**DESCRIPTION OF THE TASK:** Please output every line of the material as it stands, without the pictures.

**RECORDED INFORMATION:**
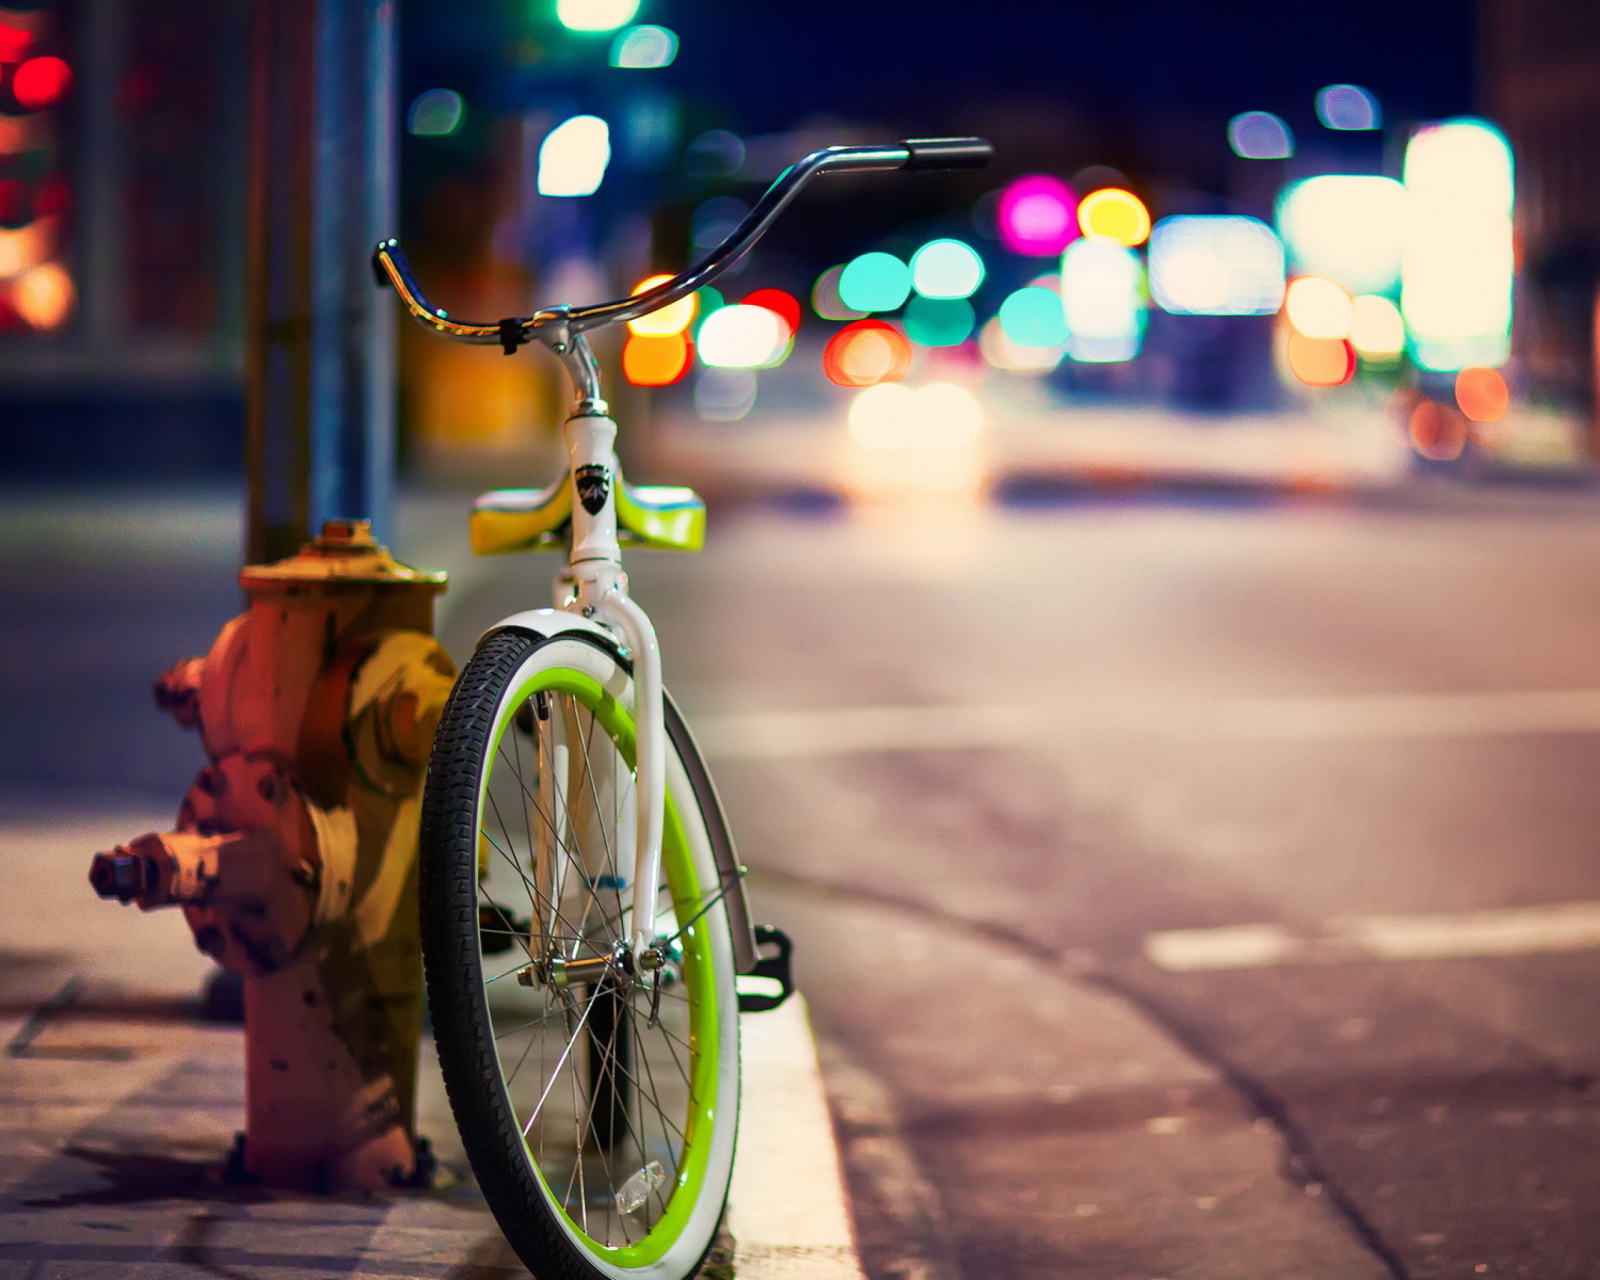 Green Bicycle In City Lights wallpaper 1600x1280
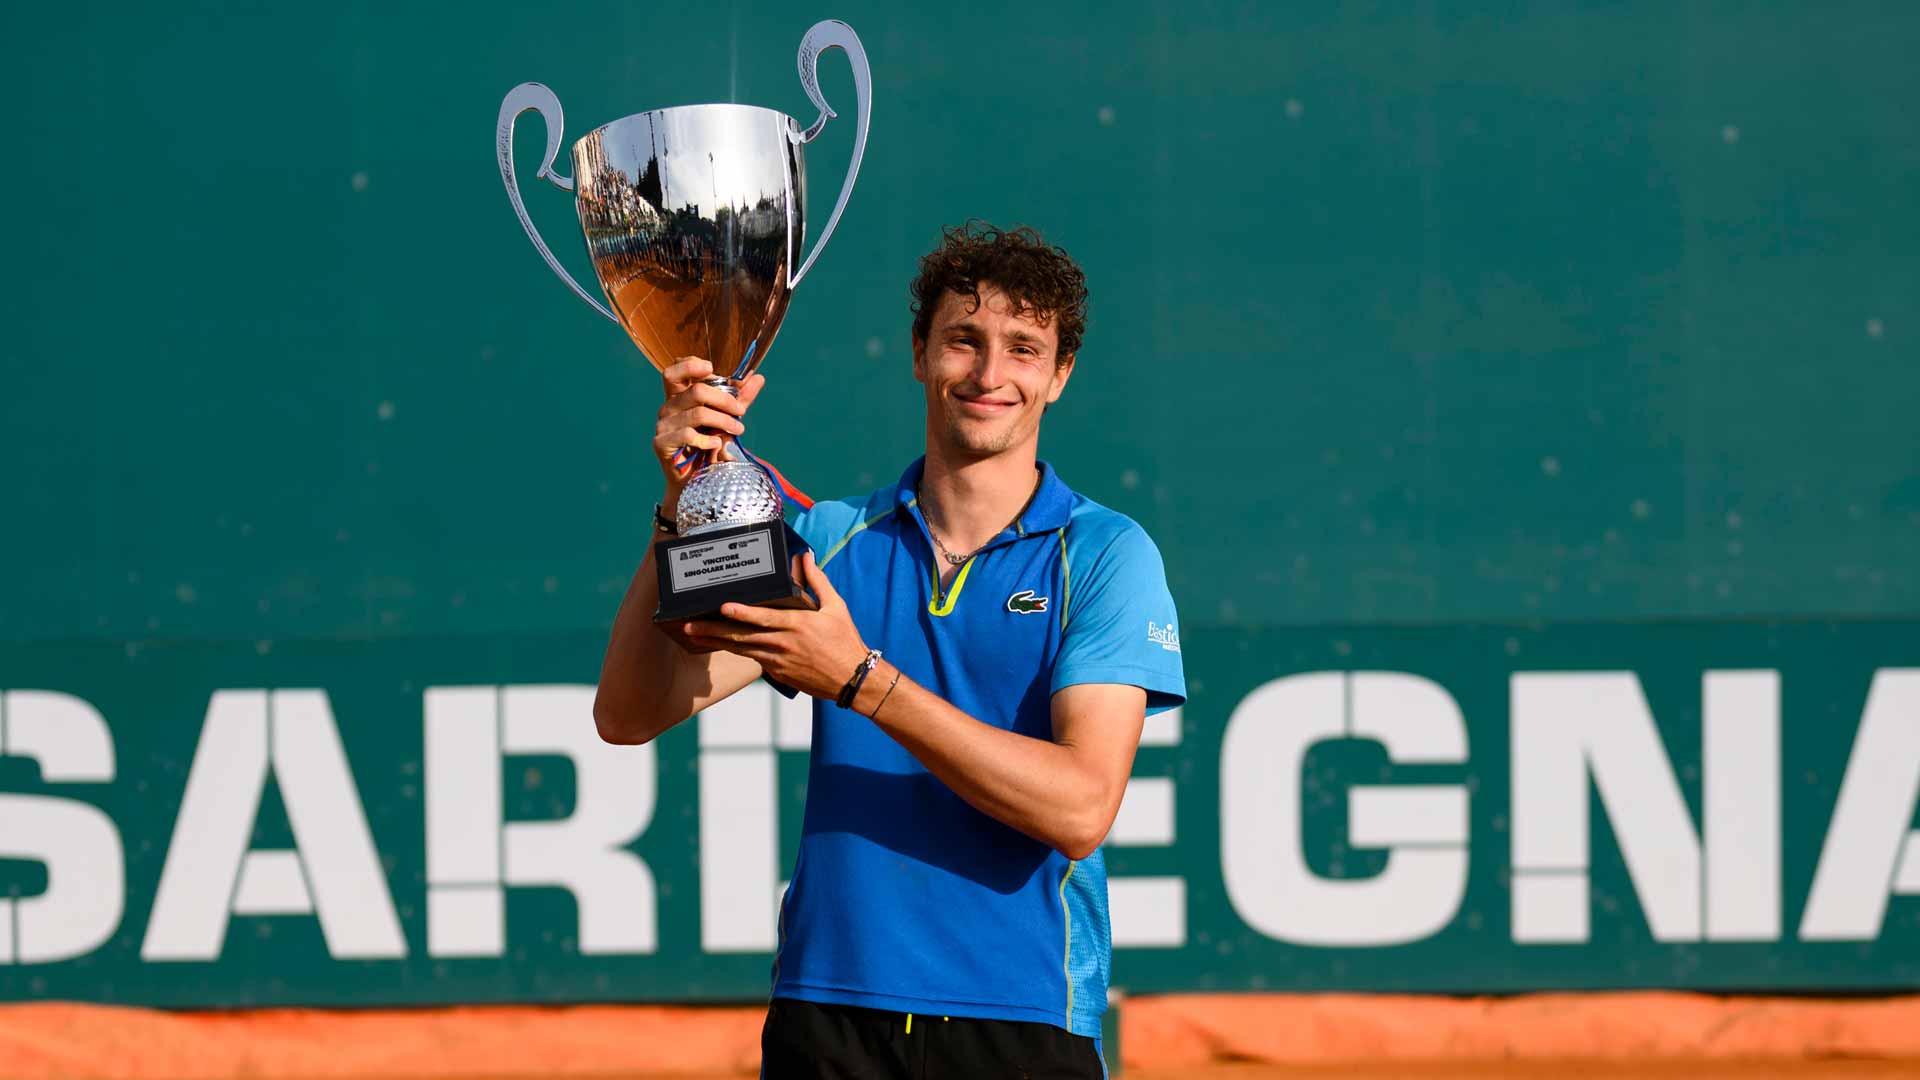 <a href='https://www.atptour.com/en/players/ugo-humbert/hh26/overview'>Ugo Humbert</a> is crowned champion at the Cagliari Challenger.
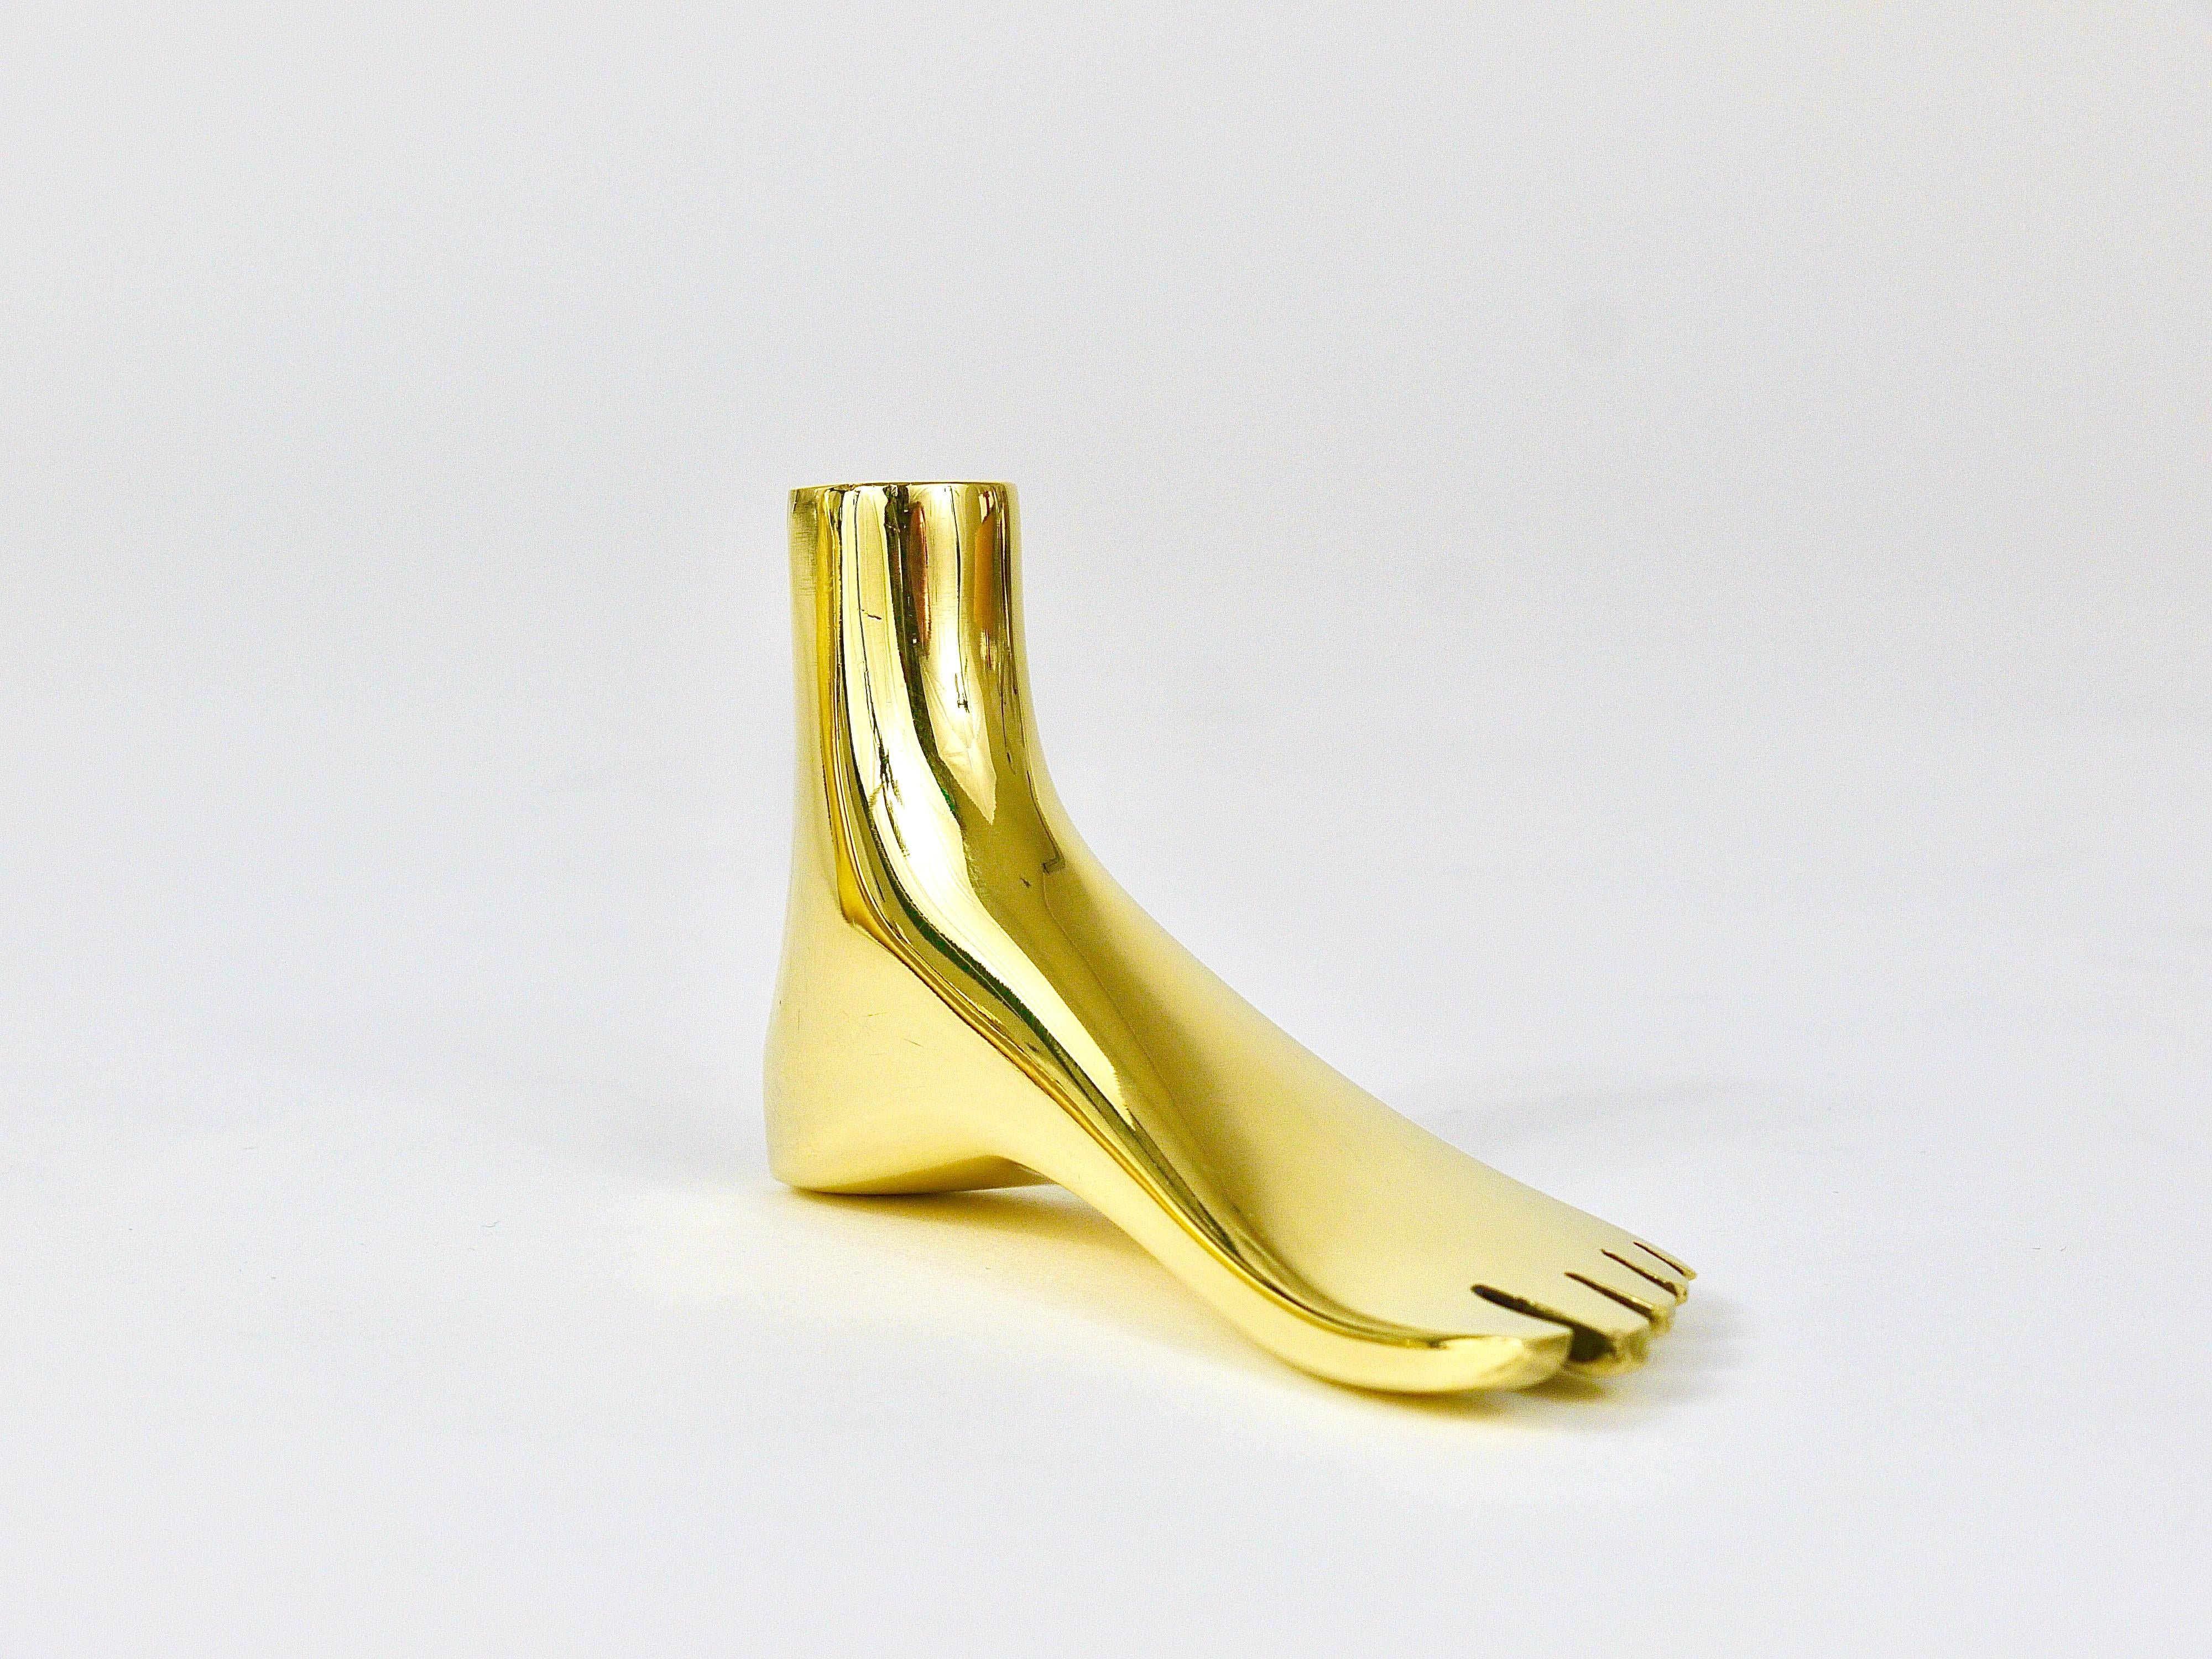 Signed Carl Auböck Midcentury Brass Foot Paperweight Handmade Sculpture For Sale 6

**ANSWER TO THE EXERCISE:**
 Green Bicycle In City Lights wallpaper 1600x1280
 <a href='https://www.atptour.com/en/players/ugo-humbert/hh26/overview'>Ugo Humbert</a> is crowned champion at the Cagliari Challenger.
 Signed Carl Auböck Midcentury Brass Foot Paperweight Handmade Sculpture For Sale 6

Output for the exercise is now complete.